All I want, is to heal.  

So last Saturday I ingested one gram of whatever species of mushroom it was.  No noticeable cognitive effect, but that would not be the point.  Neurons.  Rewiring.  There was some otherwise inexplicable yawning.  The next day I used two grams.  I don't like using that word in this context, "used".  But my intention has a very real goal.  Burning or growing healthier synaptic pathways and connections.  Virtually no noticeable effect -- a few hours along it was like when you stand up too fast, and get dizzy.  That, more or less, for a little while.  And yawning.  And today, I used three grams.  About a half-hour in it was that same, not dizziness, that sort of silent buzzing.  I suppose that's why hippies and drunkards call it a buzz. 
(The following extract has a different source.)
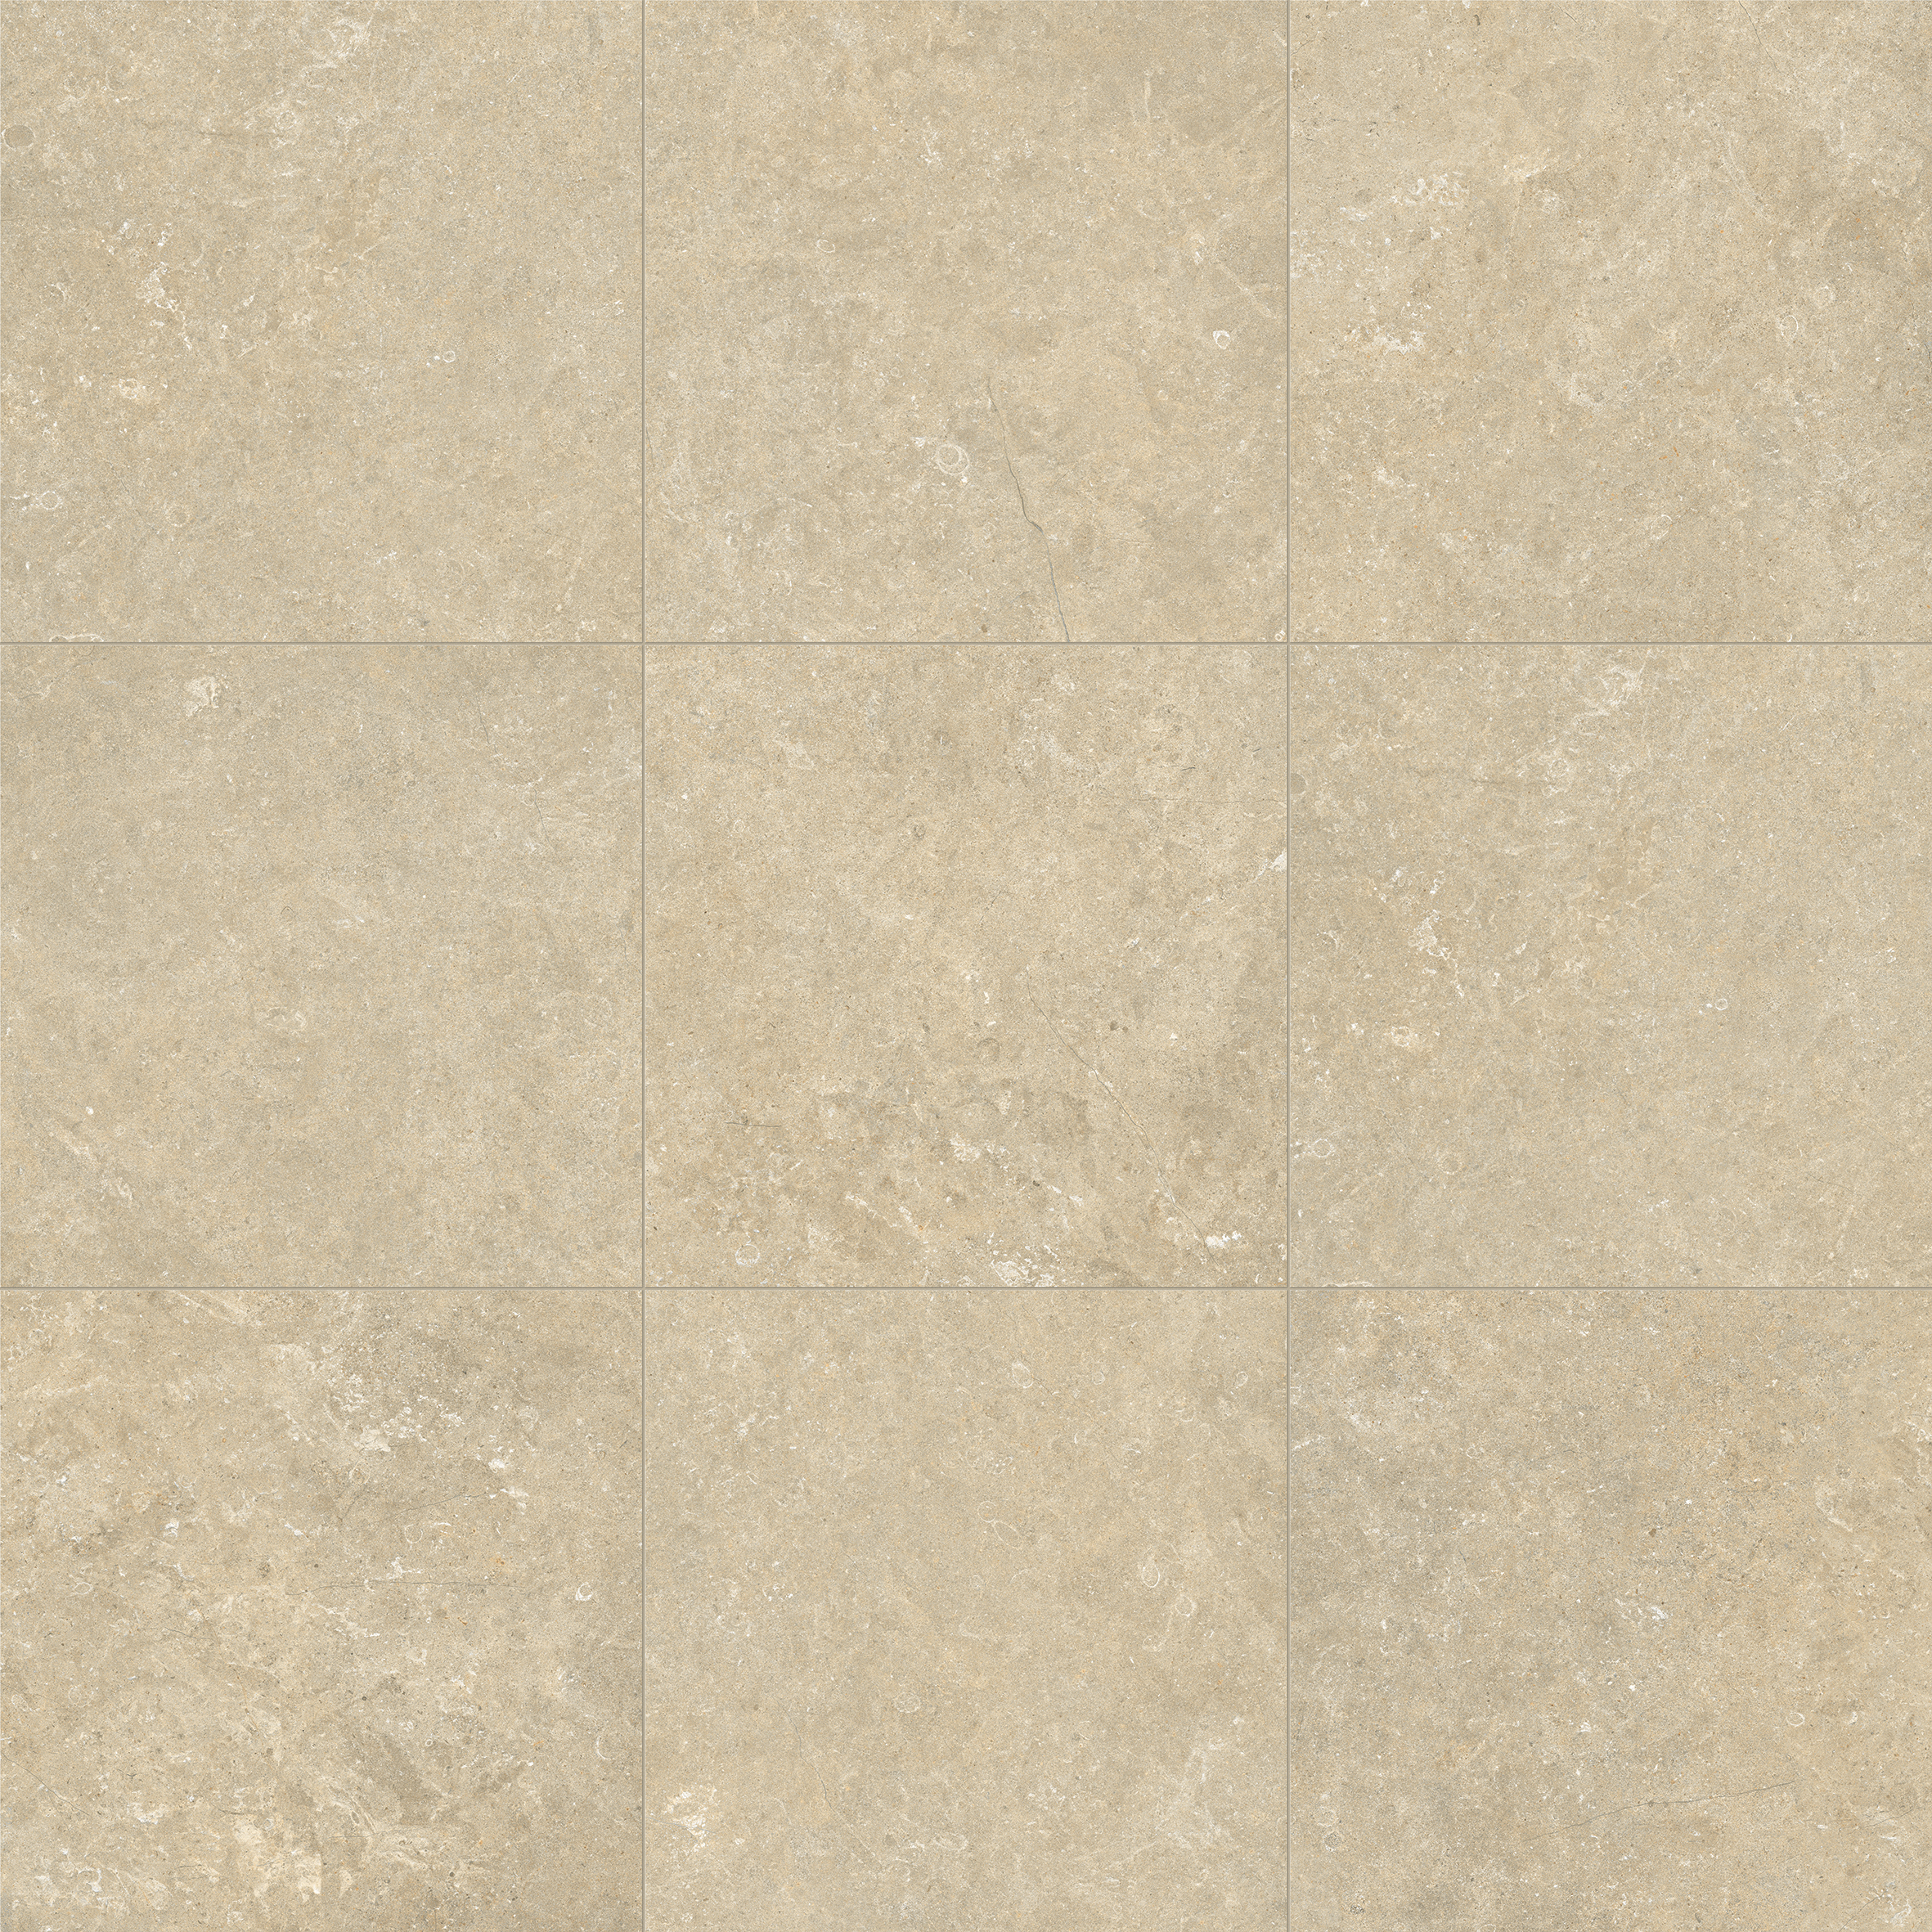 Marca Corona Arkistyle Sand Naturale – Matt J219 naturale – matt 60x60cm rectified 9mm

So that's it, for the past two hours -- an unwelcome and completely unimpressive physical sensation, known to me by standing up too quickly, but light, and lasting so far for two hours, with occasional yawning.  If this is what people want, they're stupid.  No auditory, or visual, distortions etc.  That would have been, um, like, man, interesting, dude, but it's not the point.  All I want, is to heal.

Tomorrow is my 64th birthday (well, 65th if you count the day I was born, inclusive.  You are born after all on the day of your birth).  The other day I spoonerized it and said, not fixty sore ... I dyslexed it, dyscalculed it, flipped it to 46.  So that will be my new joke.  Hey, do I look 46, or 64.  Five years ago my joke was, I was BORN in '59, and I AM 59!  It worked for 60 too, but I had to change the inflection.  My friends who were born in the 70s and 80s, 90s, well, they've got a while to wait, quite a while, before they can use that joke, if they even live that long.  (Odd.  I don't have any friends who were born in the 60s.)  I know a boy who was born in '12, so his is coming up.  People are going to get very tired of that, coming from him.  

We find our happiness where we may.  Intoxicants for the rabble, or in my case, comic genius.  

You're welcome.


J

2 comments:

Howard said...

Endogenous L-carnitine (LC) and its derivative acetyl-L-carnitine (ALC) play antidepressant roles by improving brain energy metabolism, regulating neurotransmitters and neural plasticity.

Jack H said...

Been in my regimen for years. The way Omega 3 really does a lot for inflammation. It sets the bar higher, or lower -- whichever is the good one. The new normal is better than the old normal, but neither are normal.